Your guys out-muscled us.............well done.

Nothing to report in my sitch.

Picked up DD from my mums, I am at my sisters for dinner tonight, though I would jump on as she is cooking and DD is playing with the dogs.

W has not called me or home to talk to DD in 3 days. Must be having a pretty good time with OM in Melbourne.

DD did have my mother in stitches today. She described OM to her (whilst I was at work) and told her that he was very careful with his money (tight arse). She also said that he had a bit of a belly on him (this is one thing I am amazed with, my W is so attractive, and settles for someone that she wouldn't have given the time of day to when she was single).

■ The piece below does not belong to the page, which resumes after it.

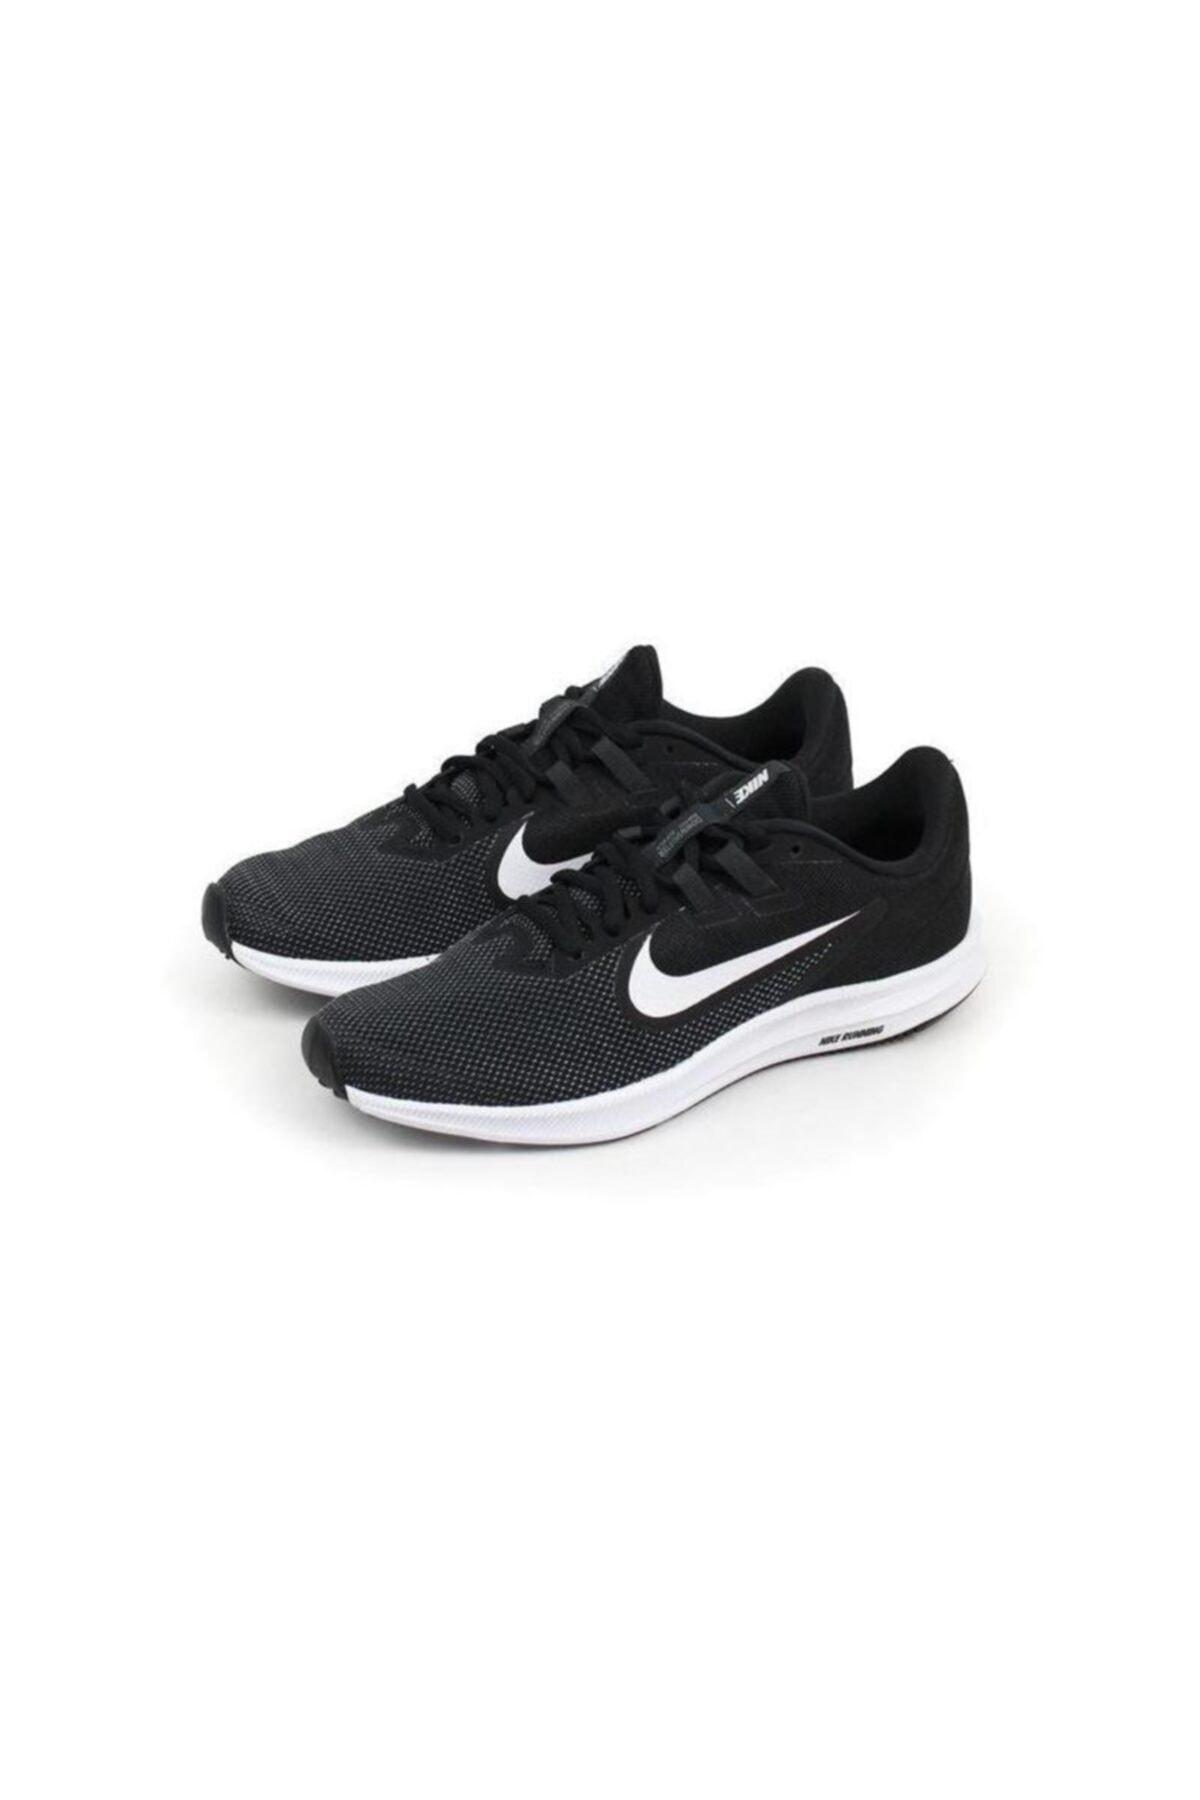 Nike Erkek Koşu Ayakkabısı Nıke Wmns Downshıfter 9 2

I didn't realise how powerful depression and MLC were, where W would even look at him let alone have a PA with him, it really does hurt me soooo much. Also the fact that he preyed on her when she was vulnerable at her kickboxing classes, and consoled her at her most depressed condition.

That is something I will have trouble with if we ever do get a chance to reconcile, knowing that she has been intimate with someone like that..............I know it may sound crude, but the more I think of it, the more unattracted I am to her knowing this.

That is the only thing that really makes me angry. I would have been fine if we separated and she moved on with someone amazing, but to do this with someone like him really does break my heart.

Anyhow, I have the next two days off to spend with DD which I am looking forward to.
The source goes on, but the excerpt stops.